---------- Records supplied ----------

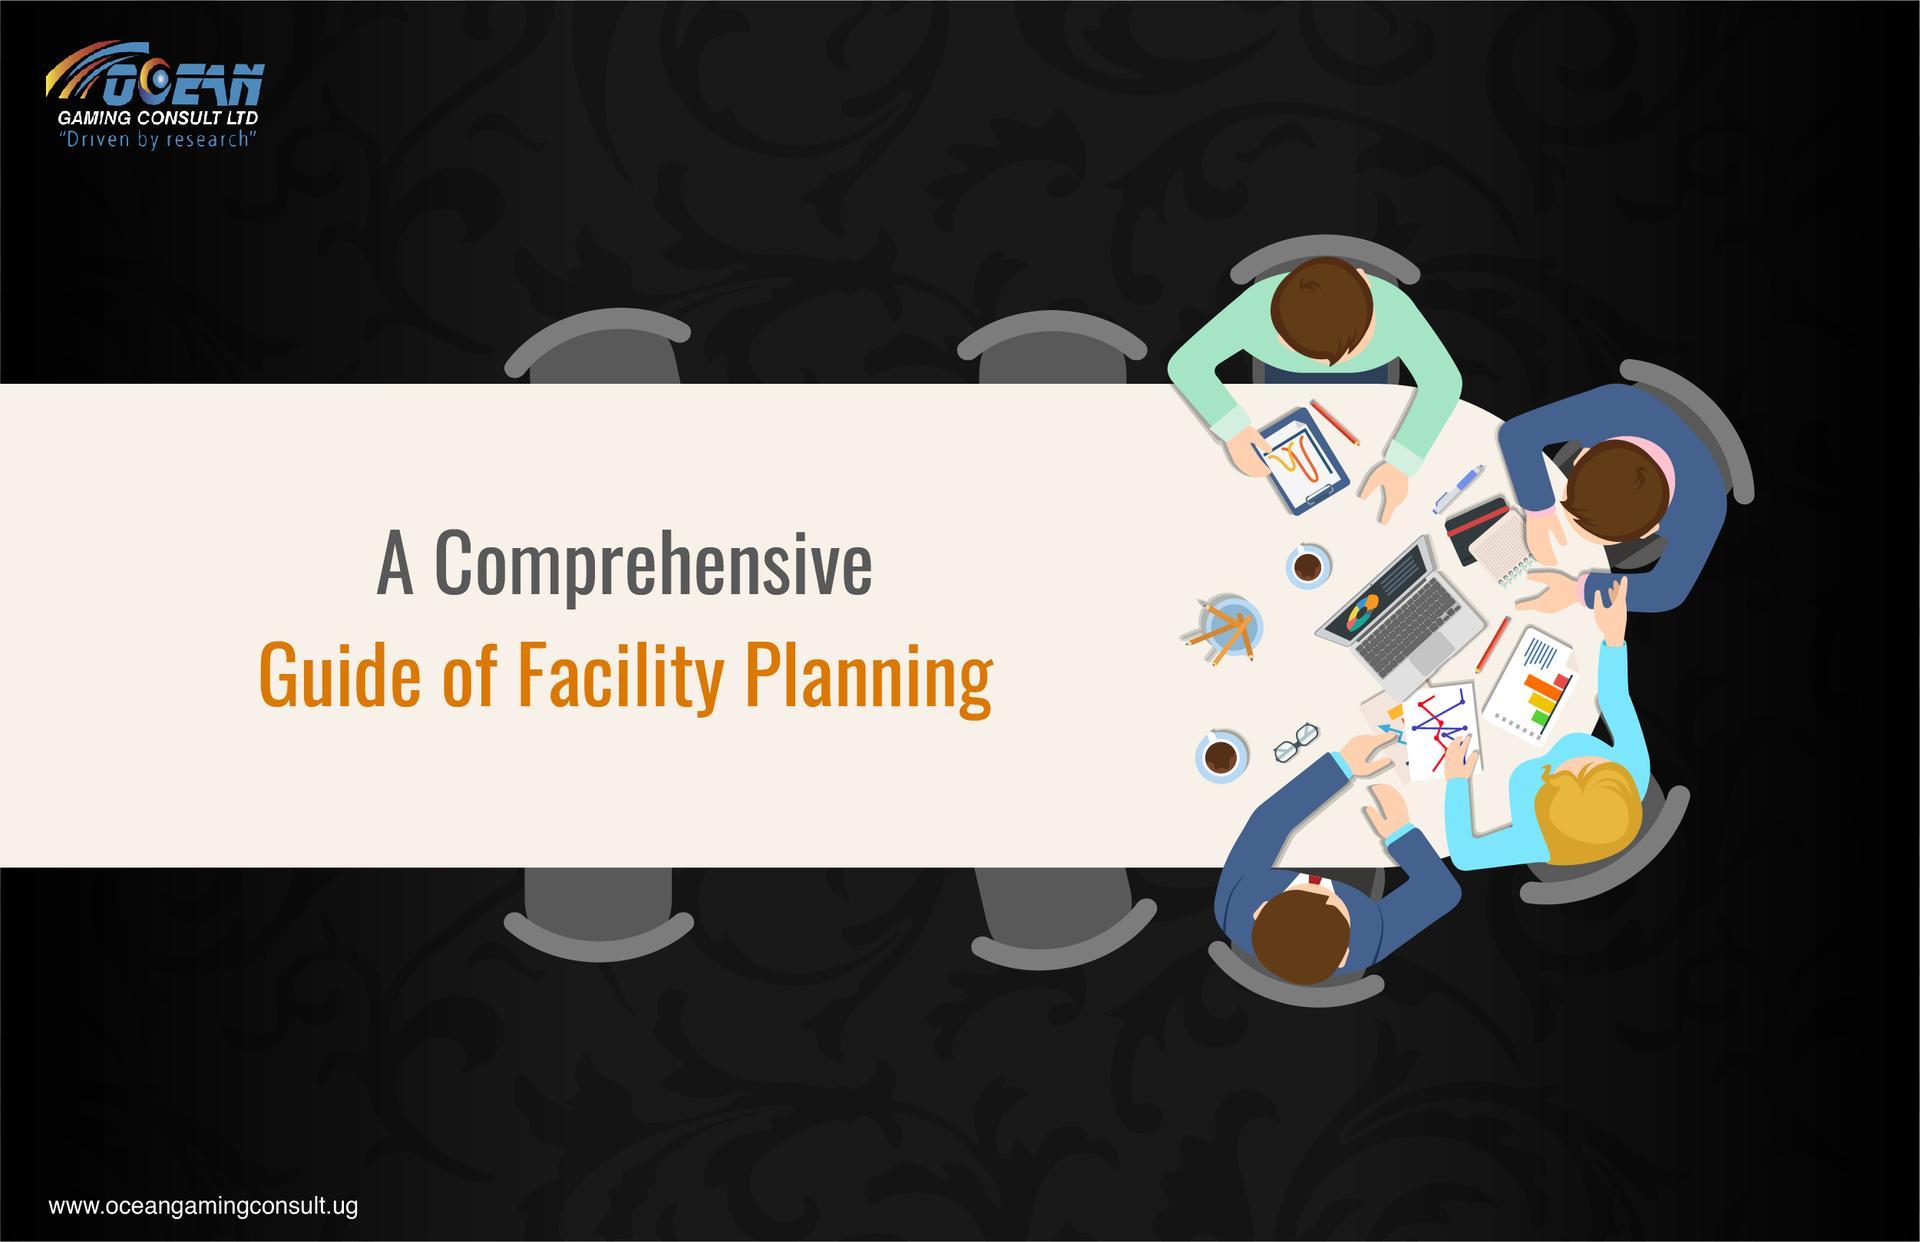 A Comprehensive Guide of Facility Planning
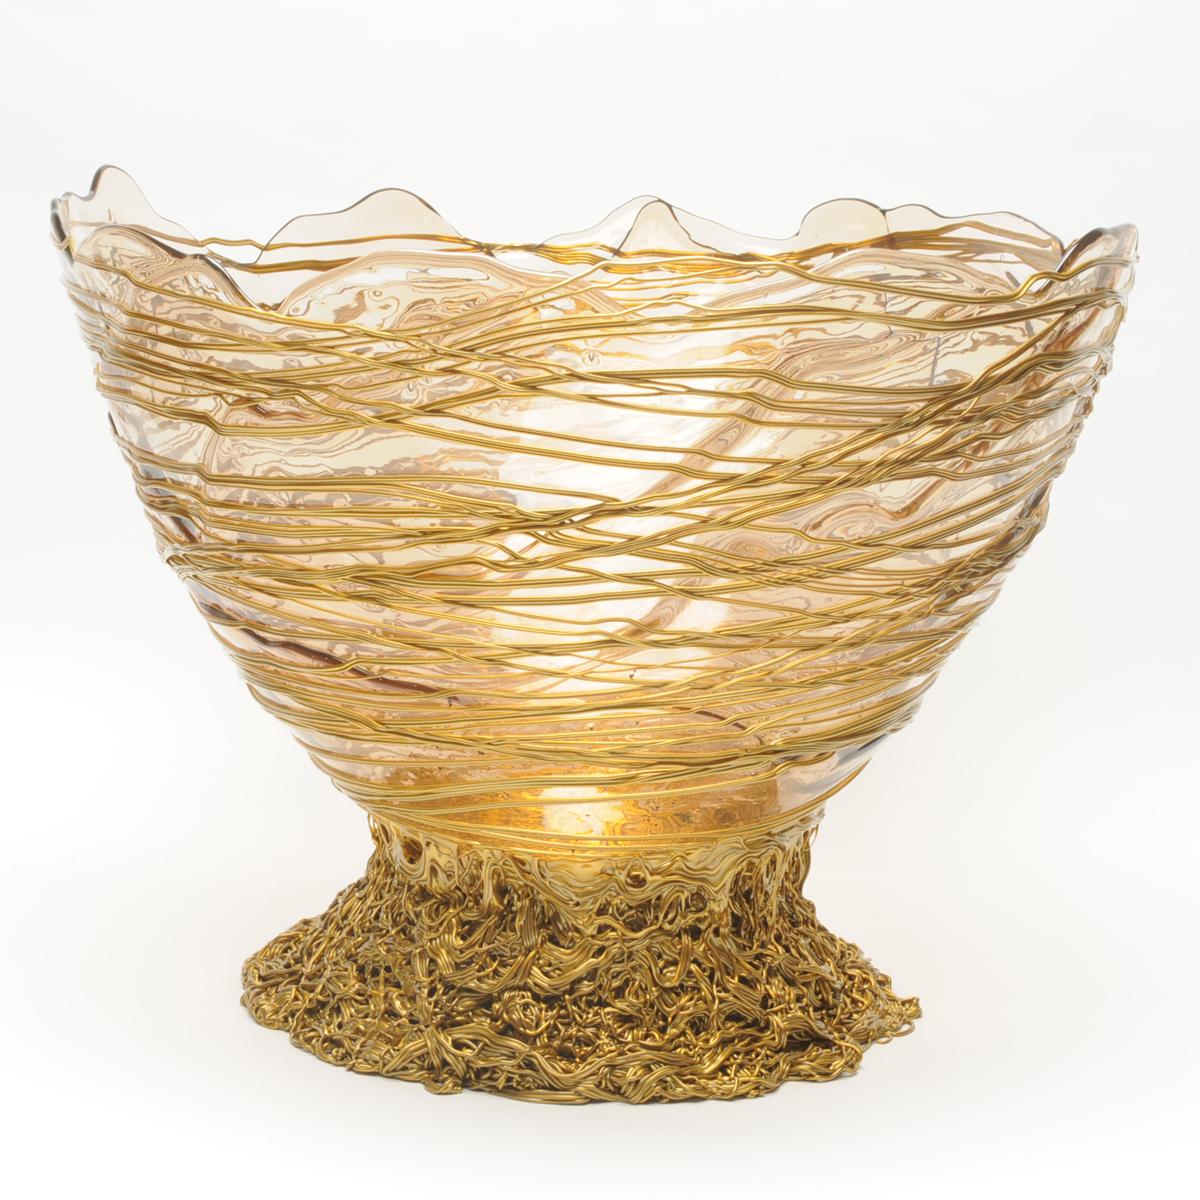 Ogiva basket - clear, gold

Basket in soft resin designed by Gaetano Pesce in 1995 for Fish Design collection.

Additional Information:
Material: Soft resin
Colours: Clear, gold
Dimensions: c.a ø 50cm x H 35cm 
Available in other size

----------

**What the exercise asks**
Check every line above for the string "resin" and copy those that have it.

**Reply**
Basket in soft resin designed by Gaetano Pesce in 1995 for Fish Design collection.
Material: Soft resin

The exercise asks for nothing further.